Hardaway v. Sherman Enterprises Inc. (1978), 133 Ga. App. 181, 210 S.E. 2d 363 Statements made in good faith pursuant to investigation by police or other officers authorized to investigate crime or criminal activity are made in the performance of a public duty and are privileged…If such were not the case these officers would find it virtually impossible to ferret out the facts and prosecute those who have violated the criminal laws”.

Lightbody v. Gordon (1882) 9 R. 934 at 937-938 (Ct. of Sess.) “When it comes to the knowledge of any one that a crime has been committed, a duty is laid on that person, as a citizen of the country, to state to the authorities what he knows respecting the commission of the crime, and if he states only what he knows and honestly believes he cannot be subjected to an action of damages merely because it turns out that the person as to whom we has given the information is, after all, no guilty of the crime.

Couper v. Balfour 1913, S.C. 492 at 501 (Ct. of Sess.) It is “the right and duty of any citizen who bona fide believes that wrong has been done to lay the alleged facts before the proper authority for investigation”. In performing this service, they need the assurance that their acts of public citizenship will not fall prey to civil actions for damages where they have provided false information in good faith. Where they have acted in good faith, and the information is beneficial to the public or of importance to themselves, they are protected by a qualified privilege as long as they do not act maliciously.

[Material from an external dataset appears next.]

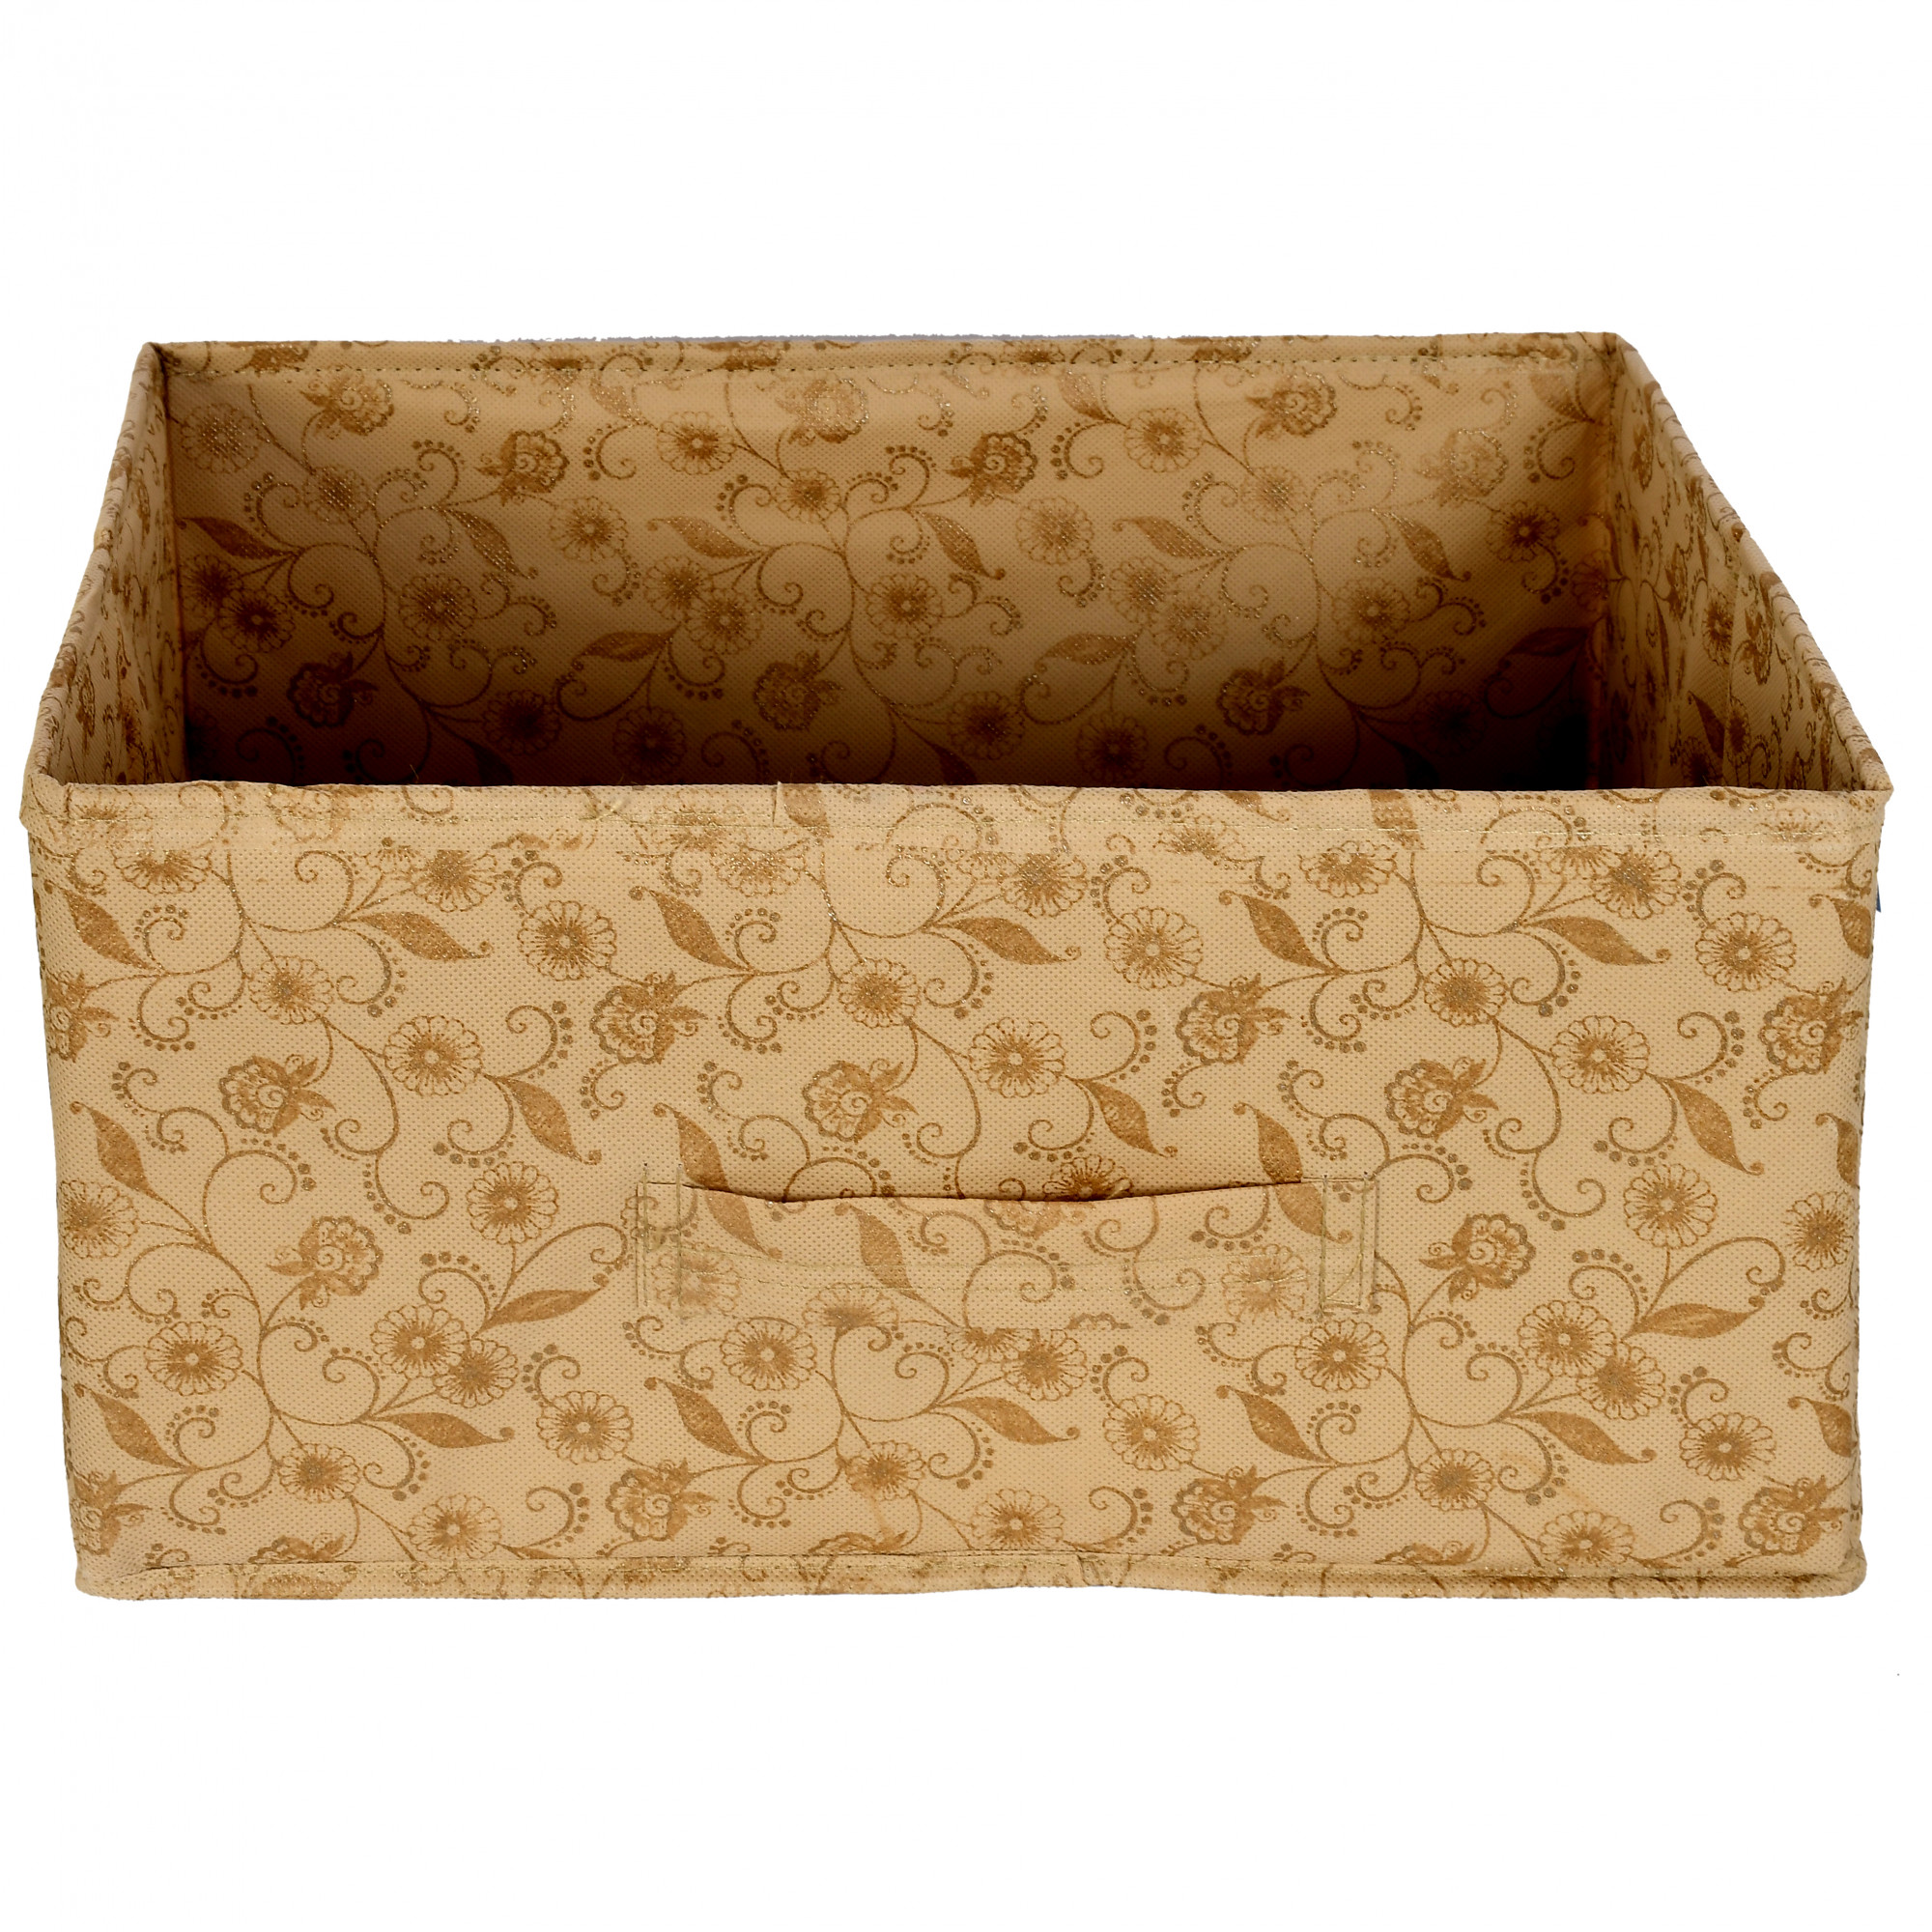 Kuber Industries Metalic Floral Print Non Woven Fabric Replacement Drawer Storage And Cloth Organizer Unit for Closet (Beige)-KUBMART3478

Citizens making communications important to themselves or beneficial to the public will be protected from liability if not maliciously motivated: se Corbett v. Jackson, [1884] O.J. No. 53, 1 U.C.R. 128 (U.C.C.A.). Citizens have a duty to report crimes to law enforcement officers: see Wing Lee v. Jones, [1954] 1 D.L.R. 520 (Man. Q.B.). In Crocher v. Inglis (1889), 16 R. 774 at 778 (Ct. of Sess.), Lord Shand held, “When a person has reason to believe that a crime has been committed it is his duty and his right to inform the police.” The police have an interest in receiving information of a suspected crime: see Wing Lee v. Jones, supra. “The police have always an interest in hearing the particulars of alleged crimes and who is suspected of having committed them:” Bowles v. Armstrong (1912), 32 N.Z.L.R. 409 at 425 (C.A.).

Lupee v. Hogan (1920), 47 N.B.R. 492 at 499 (C.A.). “[I]t has been universally recognized that all material statements made by the persons interested in the decision of a crime during their investigations, and material thereto, are privileged”.

And that’s as it must be – the chill on police work would be impossible if they and members of the public had to worry about defamation all the time.